Despite ominous indicators hanging over the economy and higher interest rates, Philadelphia Federal Reserve President Patrick Harker said Tuesday he doesn’t think the US is headed for a recession.
That view, expressed in a CNBC interview, in the face of a looming reversal of 10- and 2-year Treasury yields and market expectations that the Fed is about to begin a cycle of significant rate hikes aimed at curbing inflation.
Harker said he thinks the current state of the economy is strong enough to counter both tighter monetary policy and the bond market fears what that will mean for growth.
“What I’m looking for is a safe landing,” he told CNBC’s Sara Eisen in one.Power lunch“interview.” It can be bumpy on the way. Going up is bumpy, going down is bumpy. We’ve all been on those planes. We land safely, but it will be a little nervous. I do not want that. So that’s why we are cautious and careful about how we implement the policy. “
The comments have arrived with the curve to the plane between the 10-year benchmark and the 2-year benchmark. The curve has inverted, with 2-year yields higher than 10-years, during most of the recent US recessions, though it’s not guaranteed.
Harker warns against relying too much on a relationship when trying to predict the future.

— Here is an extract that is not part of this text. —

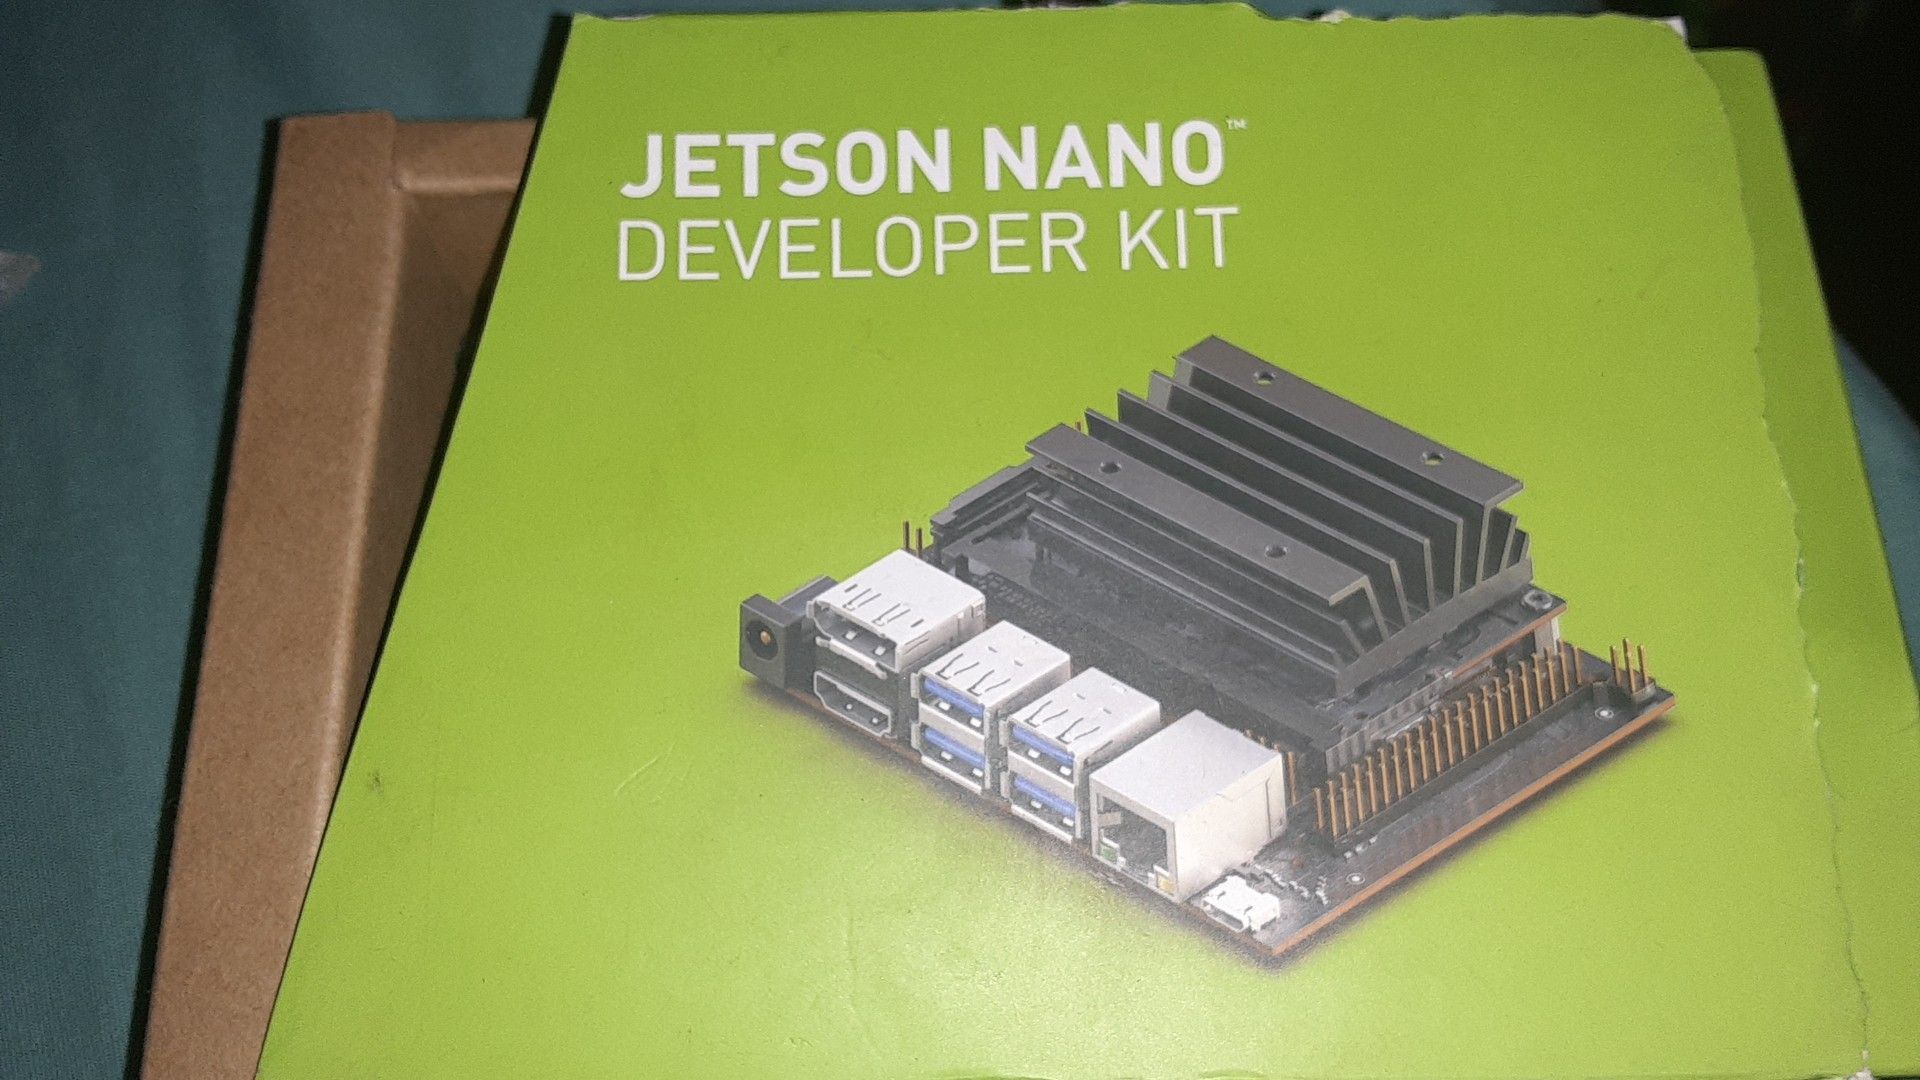 Jetson Nano Developer Kit.

“The evidence is mixed,” he said. “So we need to make sure we’re looking at a lot of different data.”
Yield-curve inversions are seen as an important sign because they reflect investor concern that the Fed will tighten conditions excessively causing them to limit growth further. They also tend to limit lending from banks, who worry that future returns will be lower.
However, the unemployment rate in the US is back to almost pre-pandemic, when the unemployment rate hit a 50-year low. Consumers are still excited about cash and property values continue to rise.
But the Fed has struggled with inflation is at a 40-year highled Harker and his colleagues to embark on a rate hike cycle, in which markets are expected to rally at each of the remaining six meetings this year, with levels possibly as high as half a percentage point.
Harker said he thinks the Fed at its May meeting should raise the benchmark interest rate by just a quarter of a percentage point, or 25 basis points. However, the market is expecting a 50 basis point gain and Harker said he remains open to the idea depending on the data.
“I’m not going to take it off the table,” he said of the higher move.
Even with the prospect of much higher interest rates, he said the Fed could adjust its way through the current situation, with a focus on reducing inflation first.
“It was the first job,” he said. “However, I don’t want to overdo it and try to put the brakes on really hard and end the development.”
“I think it’s going to be a bumpy ride, and there could be some problems as we get into the undertrend growth phase,” he added. “But I think we can work this out.”